Nobody is forced to carry health insurance, that is a myth. There used to be a federal tax penalty for those who didn’t have health insurance but that was eliminated in 2019. Some states still impose a penalty but not the federal government. Under the old rule nobody was required to pay more than a certain percentage of their income (8.5% I believe) for health insurance, and if one couldn’t find a policy for less than that there was no tax penalty. From 1999 until I went on full Medicare (Parts A and B) my health insurance was provided by my employer (with a premium co-pay). Before that I paid for my own insurance, but the rates weren’t that bad and I was “grandfathered” on an old policy that was no longer offered for sale. I’ve never had to shop on the exchange or open market, but my understanding is that often premium subsidies are available depending on one’s income. This may depend on which state one lives in.
Regardless of its faults California has a reputation for having generous safety net programs and you should look into what subsidized health plans might be available for families of modest income.
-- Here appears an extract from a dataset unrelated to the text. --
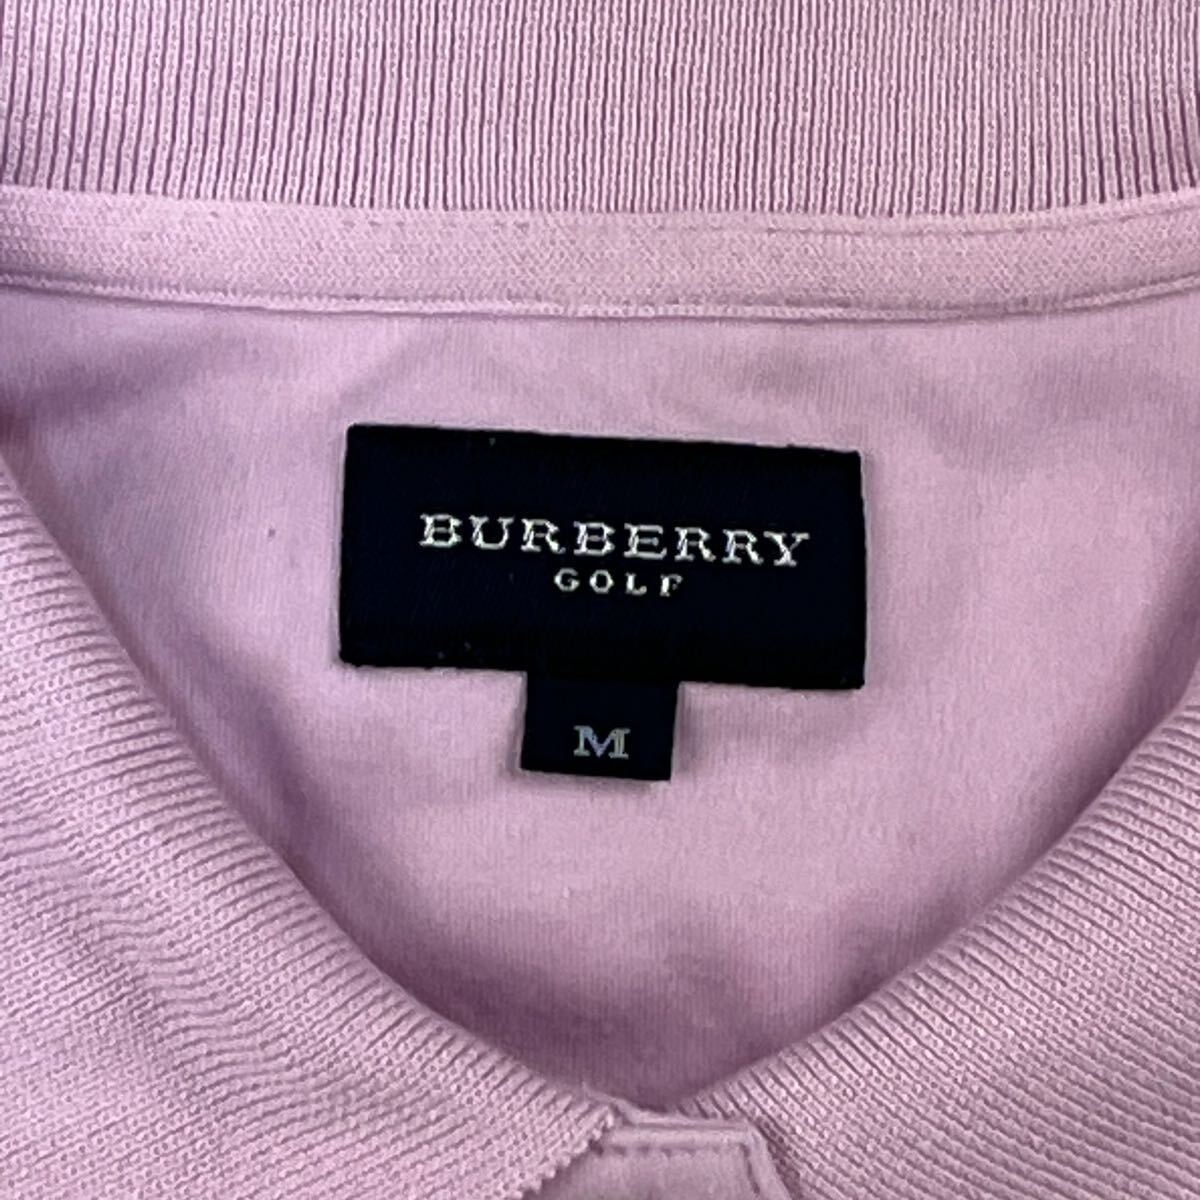 BURBERRY GOLF Burberry Golf Golf wear polo-shirt with long sleeves cotton shirt cotton 77% stretch . Logo lady's M size made in Japan

If one is on a “Consumer Directed Health Plan” (i.e., with a higher deductible) they may be able have a Health Savings Account into which one can make tax exempt deposits. At my work I had a choice of choosing a plan with a $1,800 deductible (versus a standard plan with a $250 deductible) and a lower premium co-pay and was eligible to have a HSA. I could pay medical and dental expenses, and for certain over the counter products, out of this savings account. Once I went on Medicare Part A (required at age 65) I was no longer allowed to make additional deposits to the HSA but I got to finish using what was already there. A HSA (not to be confused with Flexible Spending Accounts, or FSA) perhaps can be a good asset in conjunction with a high deductible plan.
I agree with Ladislaus that those who refuse to carry health insurance or make no effort to find plans they can afford, if they should have a medical emergency and can’t pay for it, just force up the costs for the rest of us.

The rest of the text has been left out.